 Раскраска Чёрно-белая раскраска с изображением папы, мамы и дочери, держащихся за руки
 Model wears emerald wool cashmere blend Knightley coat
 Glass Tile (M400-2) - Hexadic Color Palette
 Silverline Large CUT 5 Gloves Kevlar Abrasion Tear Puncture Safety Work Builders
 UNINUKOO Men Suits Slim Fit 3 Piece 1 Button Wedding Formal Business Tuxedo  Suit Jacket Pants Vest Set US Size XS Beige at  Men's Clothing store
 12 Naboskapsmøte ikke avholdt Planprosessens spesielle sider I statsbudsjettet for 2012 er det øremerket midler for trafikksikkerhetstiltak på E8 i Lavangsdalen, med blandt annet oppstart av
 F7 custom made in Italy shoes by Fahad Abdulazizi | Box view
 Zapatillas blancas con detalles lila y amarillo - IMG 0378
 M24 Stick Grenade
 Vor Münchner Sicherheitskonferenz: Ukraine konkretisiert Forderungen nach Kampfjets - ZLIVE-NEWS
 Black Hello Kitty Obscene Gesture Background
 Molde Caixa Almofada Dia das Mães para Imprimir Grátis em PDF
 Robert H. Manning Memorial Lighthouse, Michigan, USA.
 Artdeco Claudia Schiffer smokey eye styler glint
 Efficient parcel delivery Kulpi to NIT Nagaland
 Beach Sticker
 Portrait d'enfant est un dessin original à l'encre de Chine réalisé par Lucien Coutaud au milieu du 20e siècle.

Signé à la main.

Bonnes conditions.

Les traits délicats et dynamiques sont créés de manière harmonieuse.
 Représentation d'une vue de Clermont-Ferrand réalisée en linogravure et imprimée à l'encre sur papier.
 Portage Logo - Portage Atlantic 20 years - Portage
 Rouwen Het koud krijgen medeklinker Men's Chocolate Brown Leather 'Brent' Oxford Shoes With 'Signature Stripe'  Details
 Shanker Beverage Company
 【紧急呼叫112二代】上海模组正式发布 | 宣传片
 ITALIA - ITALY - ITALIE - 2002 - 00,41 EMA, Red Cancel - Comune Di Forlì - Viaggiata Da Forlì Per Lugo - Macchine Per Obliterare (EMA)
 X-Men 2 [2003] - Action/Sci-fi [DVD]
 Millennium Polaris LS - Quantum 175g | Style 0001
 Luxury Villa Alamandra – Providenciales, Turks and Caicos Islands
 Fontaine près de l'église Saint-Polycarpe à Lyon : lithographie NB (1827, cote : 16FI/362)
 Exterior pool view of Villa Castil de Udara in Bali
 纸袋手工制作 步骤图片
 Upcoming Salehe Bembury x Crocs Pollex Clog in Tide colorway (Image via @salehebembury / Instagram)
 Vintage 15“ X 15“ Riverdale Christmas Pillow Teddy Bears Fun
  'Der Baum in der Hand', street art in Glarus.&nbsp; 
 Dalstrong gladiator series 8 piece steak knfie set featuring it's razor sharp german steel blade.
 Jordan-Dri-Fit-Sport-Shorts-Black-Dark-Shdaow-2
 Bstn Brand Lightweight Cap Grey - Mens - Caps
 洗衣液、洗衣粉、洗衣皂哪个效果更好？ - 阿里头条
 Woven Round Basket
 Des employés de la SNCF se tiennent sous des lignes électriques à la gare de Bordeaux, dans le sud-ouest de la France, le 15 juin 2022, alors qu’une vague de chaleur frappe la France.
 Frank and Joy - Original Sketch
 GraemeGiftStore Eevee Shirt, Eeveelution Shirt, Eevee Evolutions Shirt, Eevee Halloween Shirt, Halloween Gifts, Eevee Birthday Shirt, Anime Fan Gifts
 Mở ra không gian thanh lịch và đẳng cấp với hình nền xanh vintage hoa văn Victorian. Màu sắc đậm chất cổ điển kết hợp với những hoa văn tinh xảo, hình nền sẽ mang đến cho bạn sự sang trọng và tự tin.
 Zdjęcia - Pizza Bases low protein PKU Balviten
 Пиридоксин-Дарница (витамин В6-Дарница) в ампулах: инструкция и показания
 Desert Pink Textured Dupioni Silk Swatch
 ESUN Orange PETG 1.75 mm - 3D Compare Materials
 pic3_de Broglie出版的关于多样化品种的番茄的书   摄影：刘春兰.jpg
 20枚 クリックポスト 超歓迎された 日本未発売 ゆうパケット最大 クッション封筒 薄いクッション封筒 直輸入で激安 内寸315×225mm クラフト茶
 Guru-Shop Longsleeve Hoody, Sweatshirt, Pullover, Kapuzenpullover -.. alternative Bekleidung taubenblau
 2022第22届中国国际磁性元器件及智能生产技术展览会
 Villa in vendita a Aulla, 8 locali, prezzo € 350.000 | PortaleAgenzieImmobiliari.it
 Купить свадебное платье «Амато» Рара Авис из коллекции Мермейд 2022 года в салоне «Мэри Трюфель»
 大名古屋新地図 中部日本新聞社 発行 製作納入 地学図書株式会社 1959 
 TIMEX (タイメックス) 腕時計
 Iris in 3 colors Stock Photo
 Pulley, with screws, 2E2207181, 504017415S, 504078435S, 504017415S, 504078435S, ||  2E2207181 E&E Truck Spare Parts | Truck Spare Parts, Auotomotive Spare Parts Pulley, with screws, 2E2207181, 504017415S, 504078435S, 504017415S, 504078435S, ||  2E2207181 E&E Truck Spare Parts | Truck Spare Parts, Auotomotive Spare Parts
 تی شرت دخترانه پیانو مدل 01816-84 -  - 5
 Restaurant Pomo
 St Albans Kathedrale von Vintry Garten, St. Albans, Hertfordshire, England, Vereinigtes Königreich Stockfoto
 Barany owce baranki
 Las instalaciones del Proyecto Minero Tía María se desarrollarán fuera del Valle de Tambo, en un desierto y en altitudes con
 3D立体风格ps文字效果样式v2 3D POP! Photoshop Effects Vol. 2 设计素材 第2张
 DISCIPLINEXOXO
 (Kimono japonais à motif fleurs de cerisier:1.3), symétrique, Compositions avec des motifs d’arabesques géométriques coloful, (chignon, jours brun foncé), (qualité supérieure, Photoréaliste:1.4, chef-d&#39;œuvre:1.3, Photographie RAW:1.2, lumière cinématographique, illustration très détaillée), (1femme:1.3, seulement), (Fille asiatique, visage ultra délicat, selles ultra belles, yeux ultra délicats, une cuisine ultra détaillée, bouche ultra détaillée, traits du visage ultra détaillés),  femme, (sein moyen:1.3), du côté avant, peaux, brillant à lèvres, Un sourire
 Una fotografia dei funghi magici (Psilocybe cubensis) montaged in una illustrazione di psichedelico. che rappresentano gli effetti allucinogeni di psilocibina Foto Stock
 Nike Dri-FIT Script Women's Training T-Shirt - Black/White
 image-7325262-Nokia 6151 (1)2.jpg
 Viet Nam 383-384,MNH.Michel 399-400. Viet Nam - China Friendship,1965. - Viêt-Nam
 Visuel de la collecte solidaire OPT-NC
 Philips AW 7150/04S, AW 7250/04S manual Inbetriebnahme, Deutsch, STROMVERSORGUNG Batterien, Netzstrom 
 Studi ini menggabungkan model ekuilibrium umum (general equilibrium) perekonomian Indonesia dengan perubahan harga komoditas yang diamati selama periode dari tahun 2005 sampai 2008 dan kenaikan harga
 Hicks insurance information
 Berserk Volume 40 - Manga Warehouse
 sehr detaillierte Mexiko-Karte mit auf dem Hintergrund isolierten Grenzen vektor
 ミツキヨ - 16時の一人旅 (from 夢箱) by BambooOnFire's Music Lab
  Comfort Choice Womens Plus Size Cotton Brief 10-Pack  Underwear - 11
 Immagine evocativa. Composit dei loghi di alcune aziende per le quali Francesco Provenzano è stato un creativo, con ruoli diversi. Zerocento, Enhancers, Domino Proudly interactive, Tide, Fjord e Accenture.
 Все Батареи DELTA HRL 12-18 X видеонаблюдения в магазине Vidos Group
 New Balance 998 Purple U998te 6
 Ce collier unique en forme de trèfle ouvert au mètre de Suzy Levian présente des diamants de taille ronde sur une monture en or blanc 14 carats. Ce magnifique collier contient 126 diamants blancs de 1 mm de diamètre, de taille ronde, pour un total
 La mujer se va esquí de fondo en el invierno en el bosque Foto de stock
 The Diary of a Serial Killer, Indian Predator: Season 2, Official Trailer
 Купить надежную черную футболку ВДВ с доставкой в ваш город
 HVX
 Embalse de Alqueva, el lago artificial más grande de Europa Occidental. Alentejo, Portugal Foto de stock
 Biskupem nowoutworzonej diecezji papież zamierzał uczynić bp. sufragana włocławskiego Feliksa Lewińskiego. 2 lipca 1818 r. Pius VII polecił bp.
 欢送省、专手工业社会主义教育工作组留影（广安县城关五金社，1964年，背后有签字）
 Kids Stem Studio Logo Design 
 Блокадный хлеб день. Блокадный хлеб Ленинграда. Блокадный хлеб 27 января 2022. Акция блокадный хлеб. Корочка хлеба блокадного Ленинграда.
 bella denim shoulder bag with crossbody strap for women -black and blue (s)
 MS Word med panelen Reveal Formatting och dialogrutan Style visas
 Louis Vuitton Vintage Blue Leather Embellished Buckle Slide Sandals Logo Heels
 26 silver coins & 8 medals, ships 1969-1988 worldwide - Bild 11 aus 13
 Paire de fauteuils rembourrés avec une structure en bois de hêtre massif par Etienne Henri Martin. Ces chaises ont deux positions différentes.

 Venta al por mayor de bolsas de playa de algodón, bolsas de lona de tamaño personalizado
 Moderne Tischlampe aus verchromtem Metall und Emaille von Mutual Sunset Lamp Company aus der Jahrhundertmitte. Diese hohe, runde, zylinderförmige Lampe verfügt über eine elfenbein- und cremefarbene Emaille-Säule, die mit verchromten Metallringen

^^^^^^^^

REQUIRED ACTION - Everything from the first line of the records above to the line containing "Shanker Beverage Company", inclusive, should be repeated exactly; leave out the rest.

RESULT FOR THIS EXERCISE -
 Раскраска Чёрно-белая раскраска с изображением папы, мамы и дочери, держащихся за руки
 Model wears emerald wool cashmere blend Knightley coat
 Glass Tile (M400-2) - Hexadic Color Palette
 Silverline Large CUT 5 Gloves Kevlar Abrasion Tear Puncture Safety Work Builders
 UNINUKOO Men Suits Slim Fit 3 Piece 1 Button Wedding Formal Business Tuxedo  Suit Jacket Pants Vest Set US Size XS Beige at  Men's Clothing store
 12 Naboskapsmøte ikke avholdt Planprosessens spesielle sider I statsbudsjettet for 2012 er det øremerket midler for trafikksikkerhetstiltak på E8 i Lavangsdalen, med blandt annet oppstart av
 F7 custom made in Italy shoes by Fahad Abdulazizi | Box view
 Zapatillas blancas con detalles lila y amarillo - IMG 0378
 M24 Stick Grenade
 Vor Münchner Sicherheitskonferenz: Ukraine konkretisiert Forderungen nach Kampfjets - ZLIVE-NEWS
 Black Hello Kitty Obscene Gesture Background
 Molde Caixa Almofada Dia das Mães para Imprimir Grátis em PDF
 Robert H. Manning Memorial Lighthouse, Michigan, USA.
 Artdeco Claudia Schiffer smokey eye styler glint
 Efficient parcel delivery Kulpi to NIT Nagaland
 Beach Sticker
 Portrait d'enfant est un dessin original à l'encre de Chine réalisé par Lucien Coutaud au milieu du 20e siècle.

Signé à la main.

Bonnes conditions.

Les traits délicats et dynamiques sont créés de manière harmonieuse.
 Représentation d'une vue de Clermont-Ferrand réalisée en linogravure et imprimée à l'encre sur papier.
 Portage Logo - Portage Atlantic 20 years - Portage
 Rouwen Het koud krijgen medeklinker Men's Chocolate Brown Leather 'Brent' Oxford Shoes With 'Signature Stripe'  Details
 Shanker Beverage Company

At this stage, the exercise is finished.